The other reason it exists is that anything an enemy drops should be usable by the player. "If you were up against enemies, and you kill them, and they drop their submachine gun," Jones says, "then it would be, within the bounds of game design and the world we're creating, suspension-of-disbelief breaking if you weren't able to pick up that submachine gun and use it."

"While we don't explicitly prevent people from playing the game any particular way, we have tuned it so that running and gunning will get you killed pretty quickly," Jones said. "That turns off some players. We are more niche in that respect. But it's been proven there's a huge slate of gamers out there who want to play a game with a little more respect rather than bullets flying through the air."

That's a funny thing to hear from the maker of a game about bullets flying through the air, particularly with an infamous X-ray camera that shows the .30 caliber round in slow-motion, smashing through bone and teeth and tearing through organs — some of them reproductive.

The kill cam exists as a kind of payoff for all the things the player had to do to be in a position to take that shot. "A lot of the components of real-life sniping are leading up to taking that shot," Kingsley said, "and video games tend to be about taking the shot. The fast shot. We wanted to try to make sure there was value to the player taking their time as well."

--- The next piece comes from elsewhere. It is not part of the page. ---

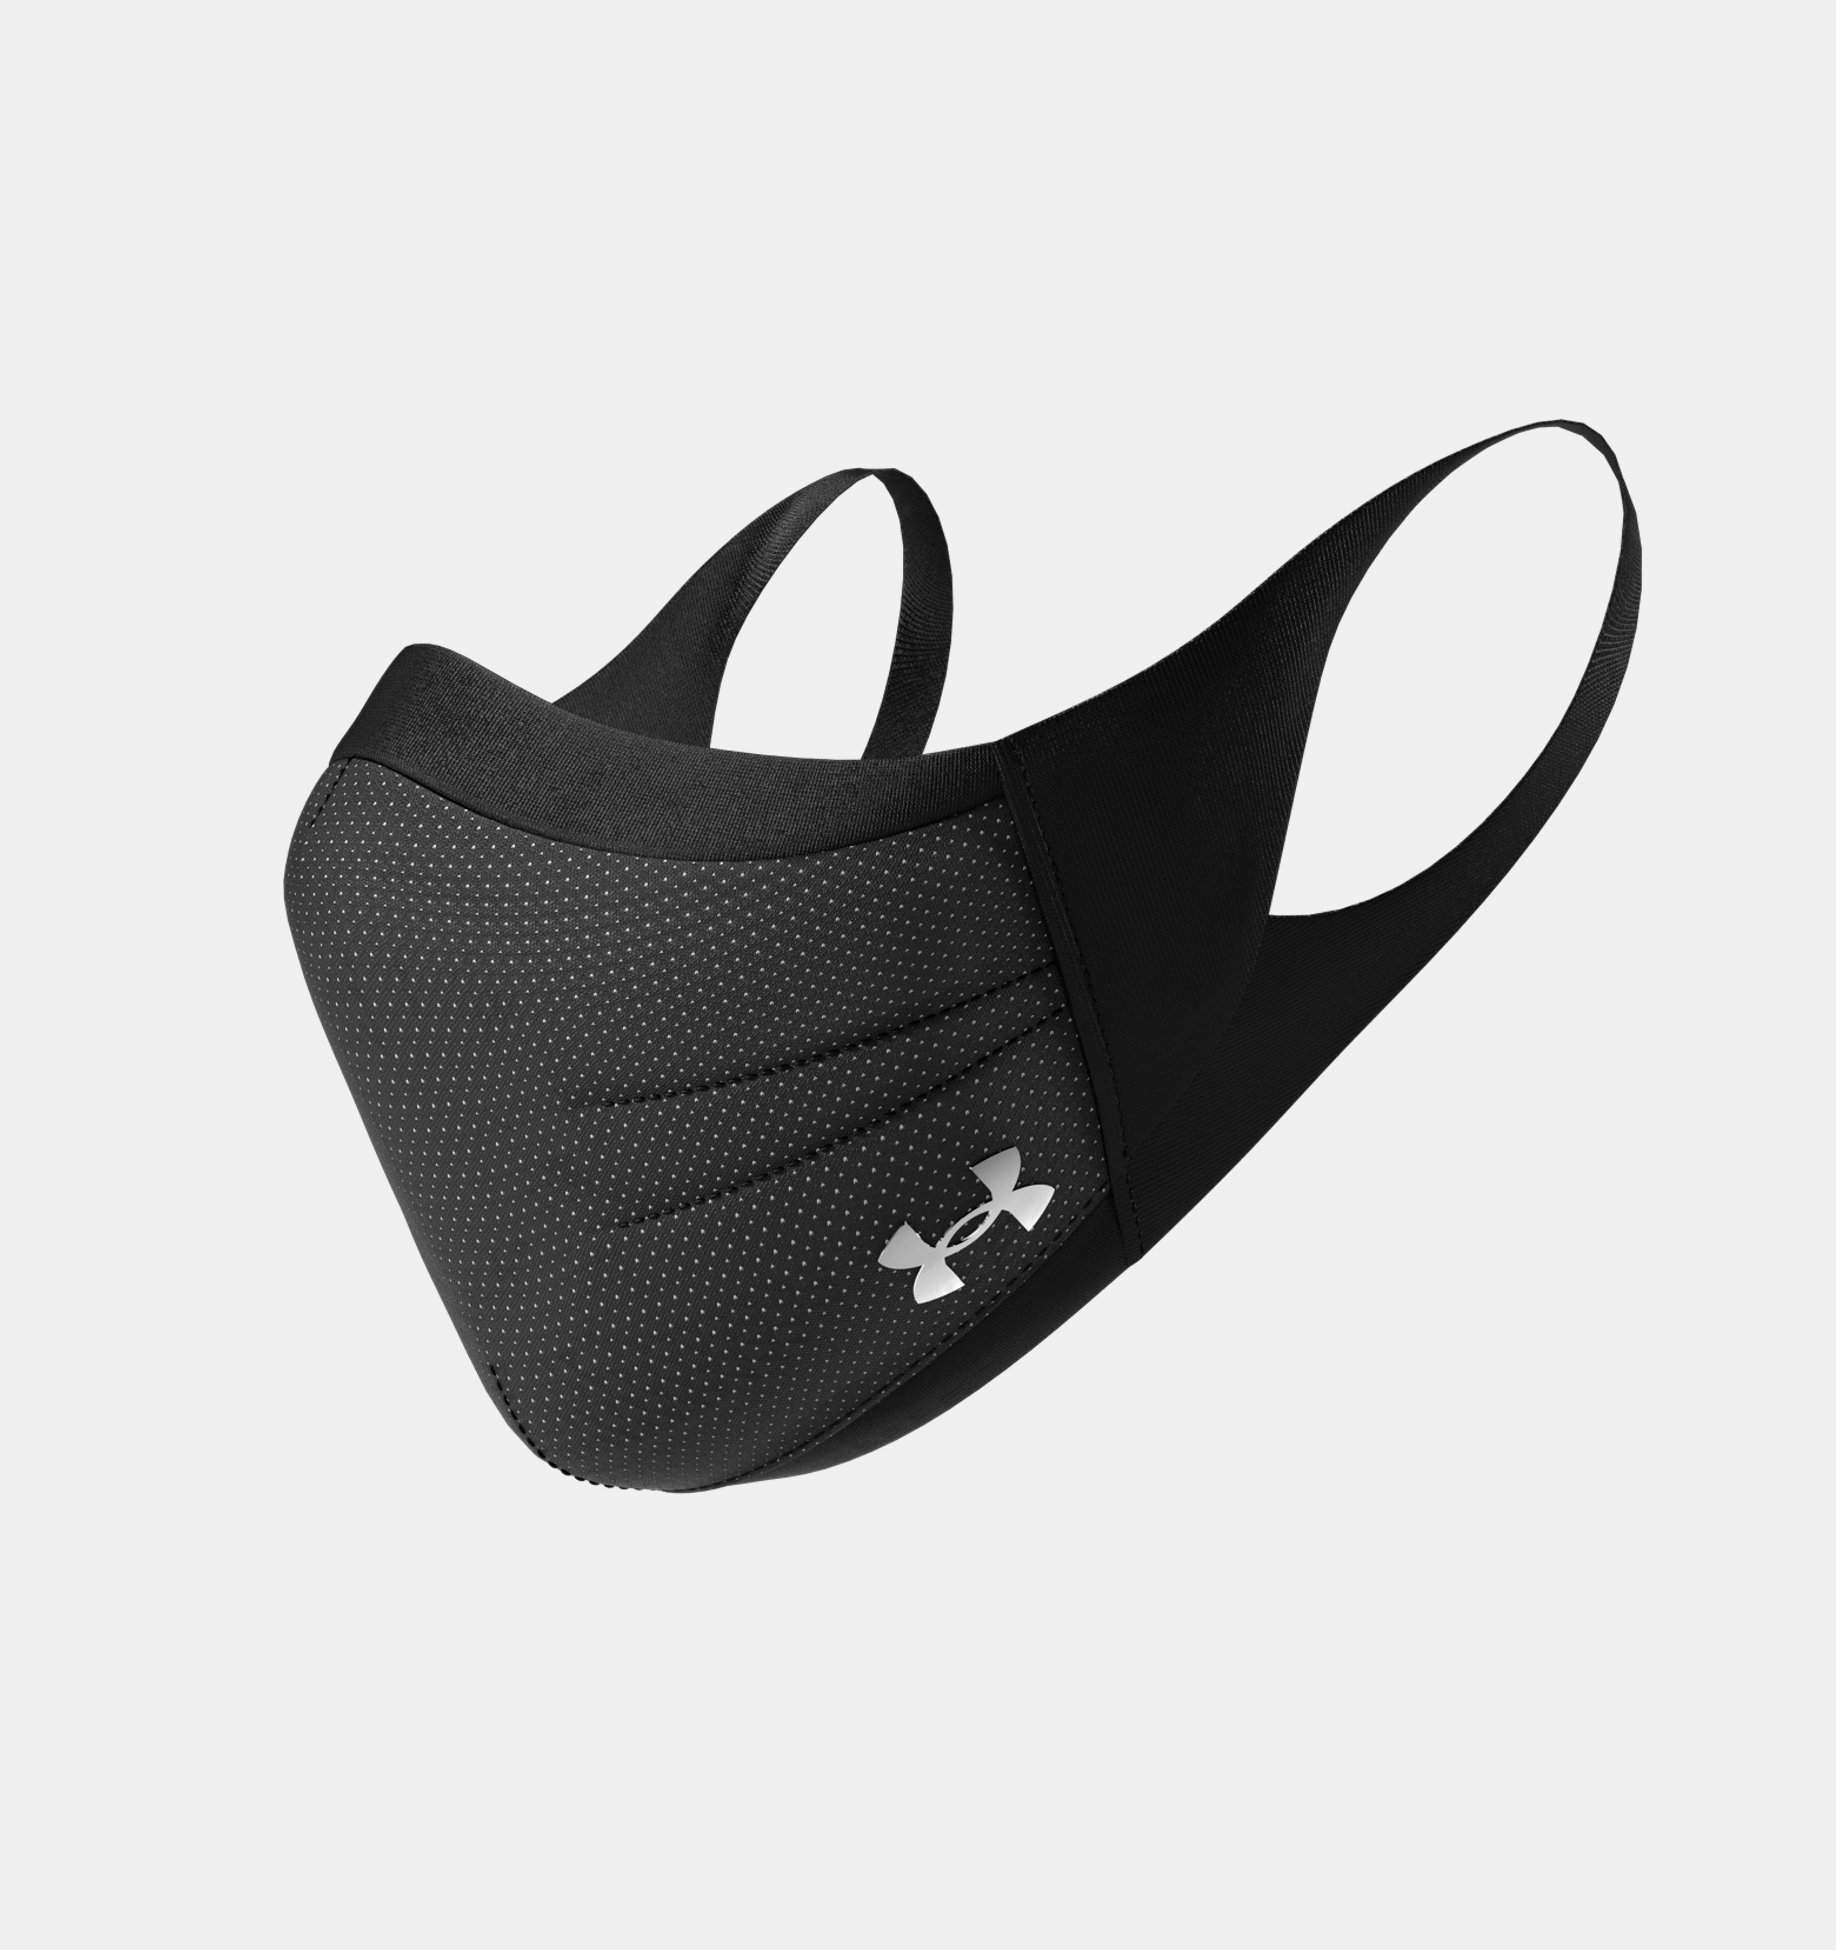 Sports face mask

Count me among those who are drawn to Sniper Elite 3's gameplay, even acknowledging it can be the slowest of burns, occasionally interrupted by glitches. Stupid Nazis become a lot more observant on elite difficulty, too, and the adjustable difficulty of gameplay components (ballistics, enemy AI and tactical assistance) lets more patient players create higher stakes for taking a shot.

As a risk-averse perfectionist in my games, given the chance to actually observe a battlefield and plot my way through it, rather than be instantly beset by gunfire I can stand up and shrug off, is a welcome change. The game teaches me to own my mistakes and learn from them, rather than others where the choices don't spiderweb through the rest of a mission.

"We're not believers in punishing people for playing the game 'the wrong way.' We just want to make sure we reward them for playing the game the right way, or the way a game called Sniper Elite," Kingsley said, "it's pretty clear on the face of it you've got to do a lot of sniping."